Providers continue to push back against Gov. Hochul’s proposed 2.5% Cost of Living Adjustment pay increase for workers — an increase for the second year in a row, but down from a 5.4% hike in last year’s budget.
They’re advocating for an increase of 8.5%, which they say will address the workforce crisis and make up for decades of insufficient funding for services.
“We have to pay our staff what they’re worth that ultimately will help sort of stop that blockage that we see in this system of care,” Liebman said.
Gov. Hochul proposed $10 million of her $227 billion executive budget to increase school-based mental health clinics to give students access to meet with clinicians and assist overburdened school counselors; $10 million for suicide-prevention programs and $12 million for home-based crisis intervention teams to meet with children and youth where they are.

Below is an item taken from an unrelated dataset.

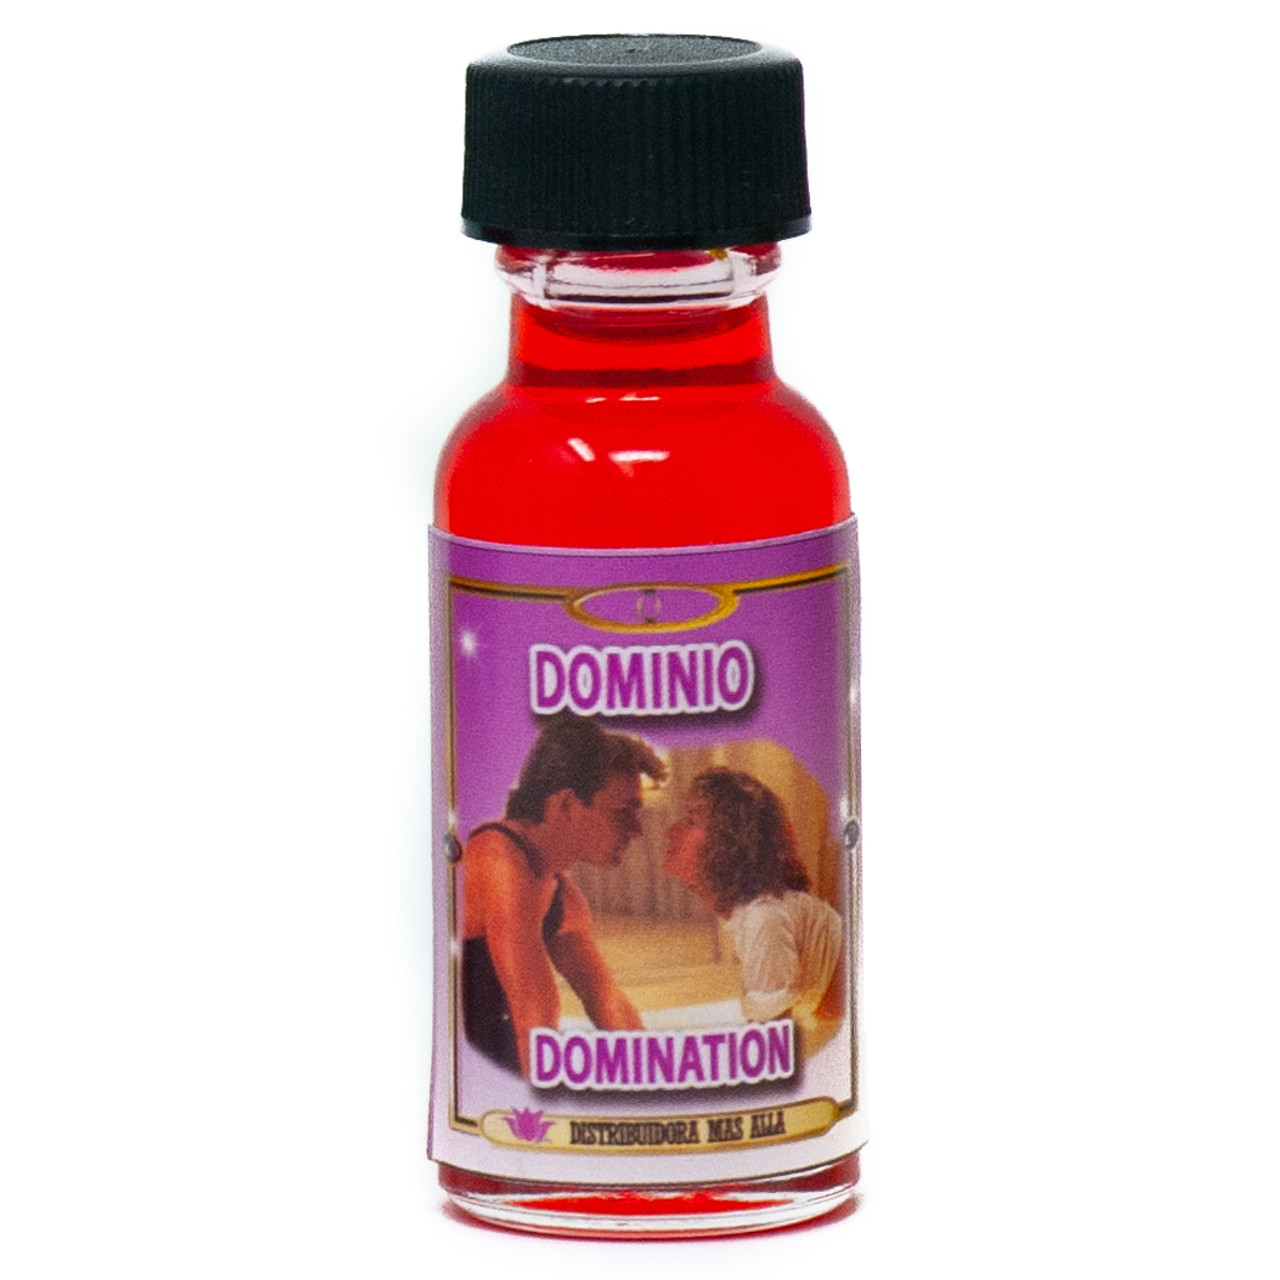 Aceite Dominio - Ritual Oil - Lot Of 6 Units Wholesale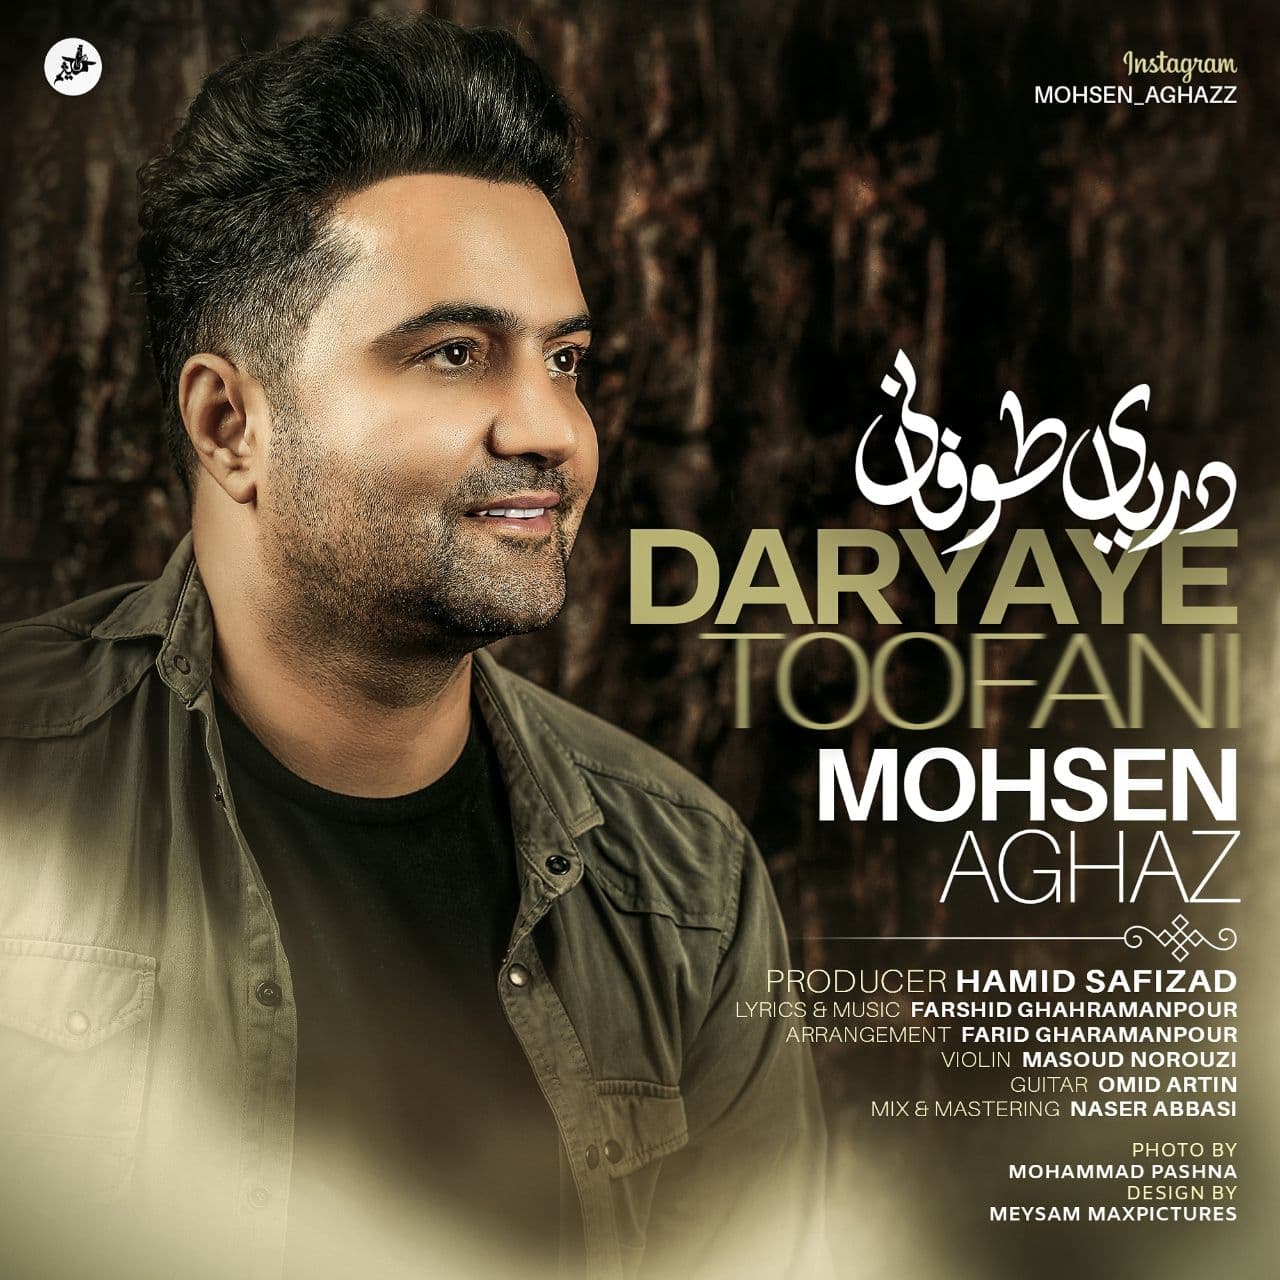 Mohsen Aghaz – Daryaye Toofani

“Our children need preventative services now to stop them from needing intensive services later,” Gov. Hochul said at a mental health event in the Bronx earlier this month.
She said the state must take action, citing a recent U.S. Centers for Disease Control & Prevention report that shows a 40% increase in teenage girls experiencing sadness, depression and violence nationwide over the last several years.
“Think about a teenager starting off as a sophomore in high school … finishing middle school remotely — a lot of them have anxiety, they need those services,” Hochul said. “…My goal is to reduce the unmet mental health needs of our children by half in the next five years. That’s ambitious, that’s bold, but we have no choice.”
Advocates are pleased with Hochul’s proposals in her executive budget to help youth, including $24 million over two years to help providers screen and identify mental health risks in children and $18 million over two years in reimbursements for family preventive mental health services like therapy.
But at a rally about mental health funding for children Wednesday, families from across the state recount longtime issues accessing and affording the care they needed, or driving hours to find availability. They require answers and support in wake of an ailing system that won’t take years to materialize.
Mental health professionals say bolstered support for the human services workforce must be proportionate to the supporting behavioral health services and resources for children and families for workers must be proportionate to the response so intervention can happen as early as possible.
“What we’re trying to do is get ahead of the cycle where we have young people who don’t get the care they need when they’re young, then they become adults with even more complex and acute needs who also can’t get the care they need,” Bufkin said. “So our focus is really trying to support those families and children as early as possible, as far upstream as we can … specifically the behavioral health supports that they need.”
Providers are fighting for an increase in reimbursement rates for families using commercial insurance for care equal to Medicaid government rates. Hochul proposed legislation in her executive budget requiring commercial insurance providers to pay for school-based services at a rate that’s equal to the higher-paying Medicaid rate.